In the past two days, I had the pleasure to visit Dubai representing Ocean Ledger in the Sustainable Coastal Development #MENA Forum, which was hosted by AD Ports Group.
This first edition of the forum featured a rich plethora of speakers, panelists, commercial exhibitors, public agents, and national and international decision makers, from Fugro, GHD, Egis, AECOM, Jacobs, Boskalis, Environment Agency – Abu Dhabi (EAD), World Resources Institute. The participants discussed the critical challenges that the region faces under intensive coastal engineering and developments within the past two decades.

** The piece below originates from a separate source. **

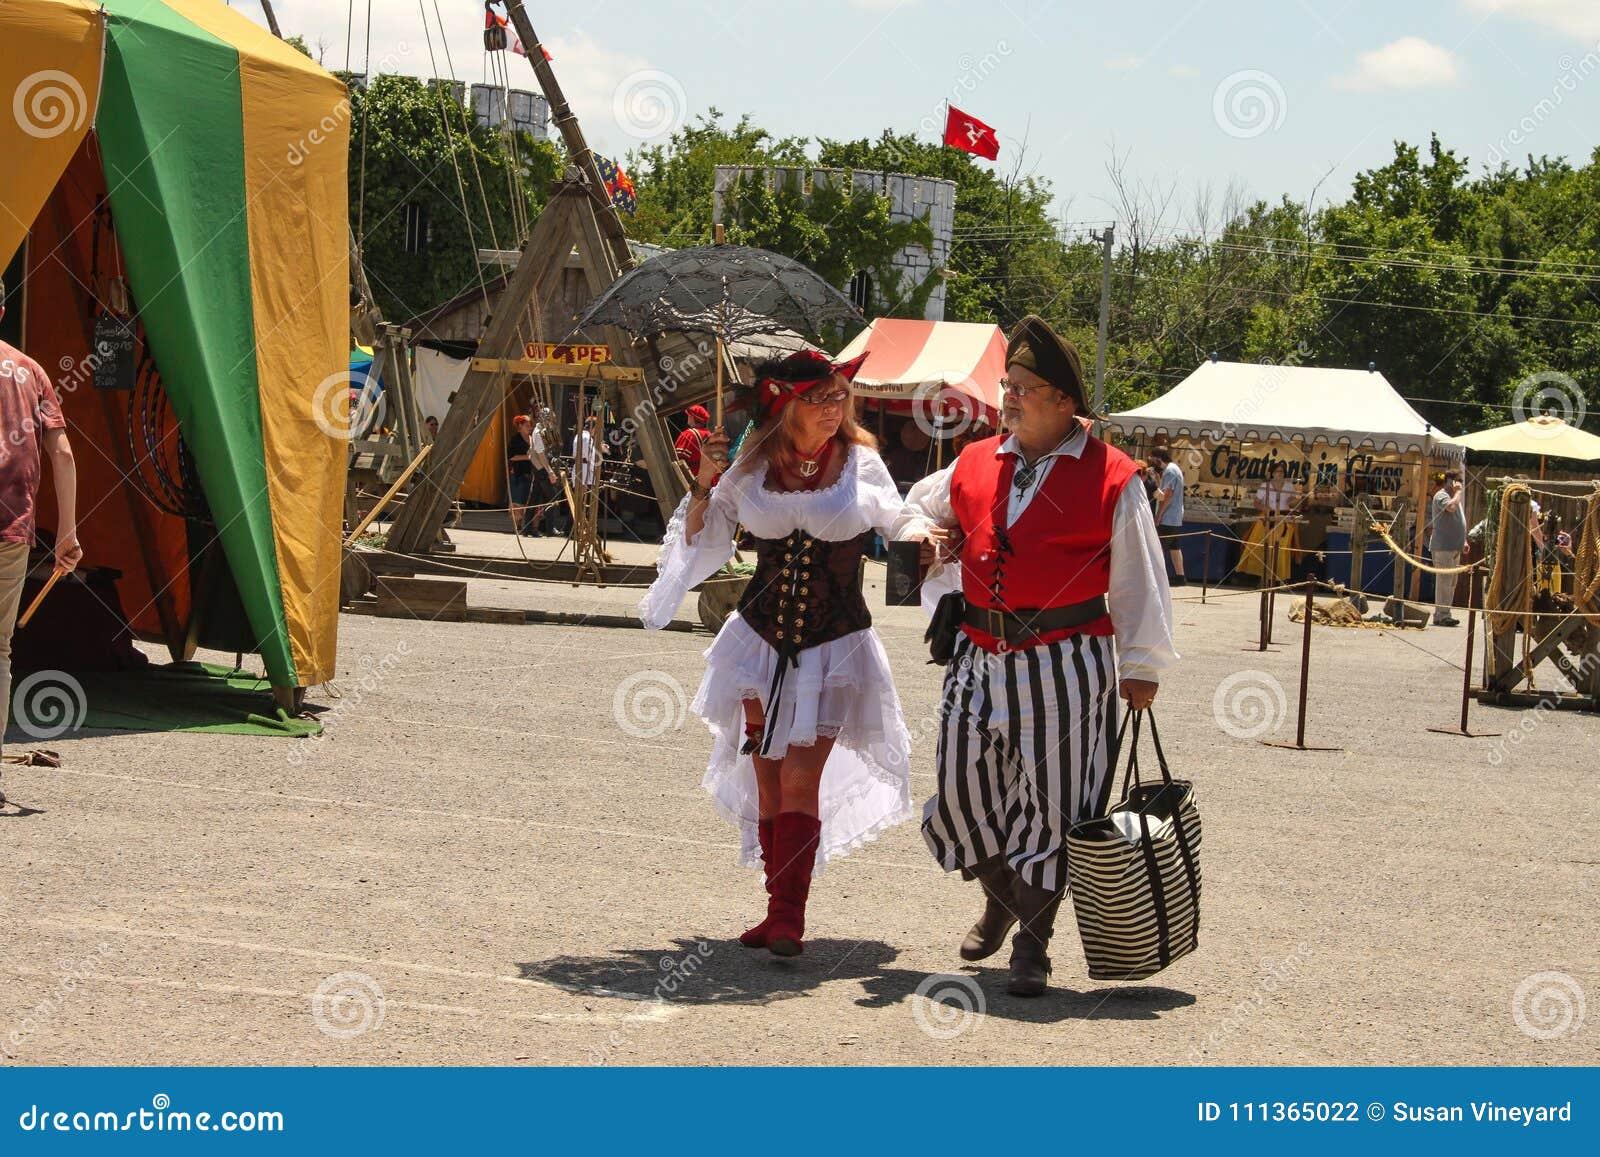 Η ηλικιωμένη γυναίκα έντυσε στο πολύ προκλητικό κοστούμι και ο ηληκιωμένος έντυσε ως πειρατής εξετάζει ο ένας τον άλλον στοργικά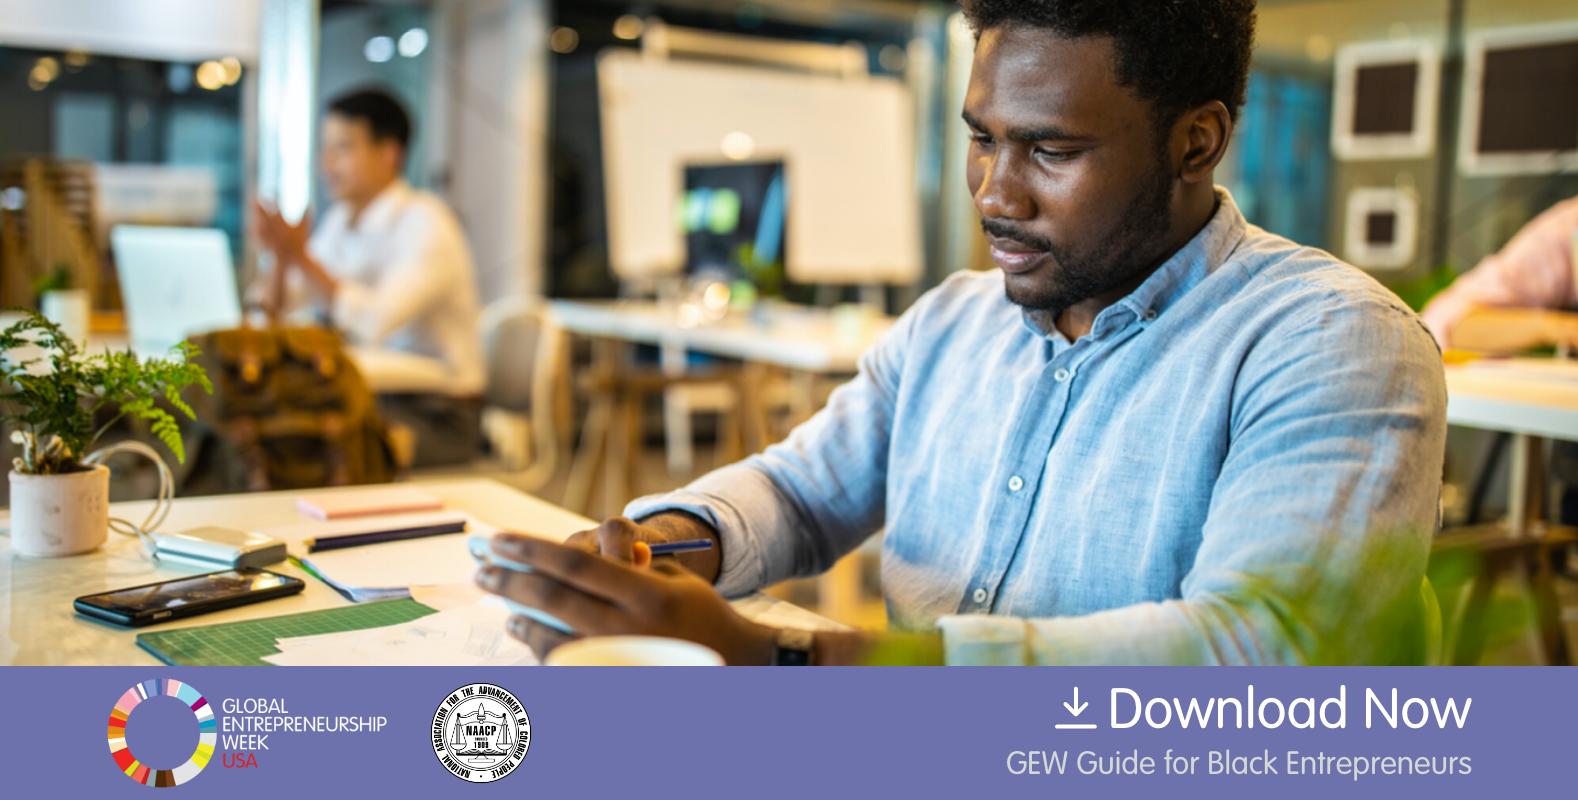 GEW Guide for Black Entrepreneurs

Naturally, this heavily impacts the regional natural coastal environments (mangroves, seagrasses, corals): their extent, condition, healthy functioning and interconnectivity. Yet, environmental liability is hardly being accounted and integrated into all these giga projects - and when it is, it's more of a reactive measure, after catastrophic impacts of human action (and inaction) and pertinent regulations have taken place.
Remote sensing can truly help drive more holistic and actionable environmental & economic accounting of coastal ecosystems by:
🌊 Identifying coastal areas and assets more prone to coastal erosion & ecosystem loss through granular historical and forecasting tools
🌊 Guiding less impactful marine construction by identifying hot spots of coastal nature-based solutions through spatially-explicit biodiversity and carbon accounting
🌊Enabling more proactive measures and interventions via scenario analysis of uplifting future scenarios of where and to what extent change will happen
🌊Reducing costs in climate mitigation and adaptation by informing the design & tracking the progress of marine ecosystem conservation, protection and restoration.
Oil spills, eutrophication, accelerated sea surface temperatures, sea level rise and coastal erosion are all threatening Dubai, UAE, and the broader Arabian Gulf.
However, an unprecedented opportunity arises to utilize new scalable innovative tools, like remote sensing, cloud computing and AI, fused with old & traditional ones, like in situ acoustic sensing systems, to holistically quantify these coastal risks. Only this way we can drive long-lasting and meaningful economic, societal and natural resilience, regionally and globally.
Such novel tech and data blends and their positive impact into coastal monitoring and management was the theme of a workshop organized by Fugro, in which I also had the pleasure to actively engage with a diverse set of attendees, discussing how to overcome today's problems and barriers for tomorrow's decisions and actions.
P.S. A big thanks to the Fugro Middle East team for the kind invitation to attend the forum and all the insightful and inspiring exchanges, especially Talia Sherrard Christoffel Botha!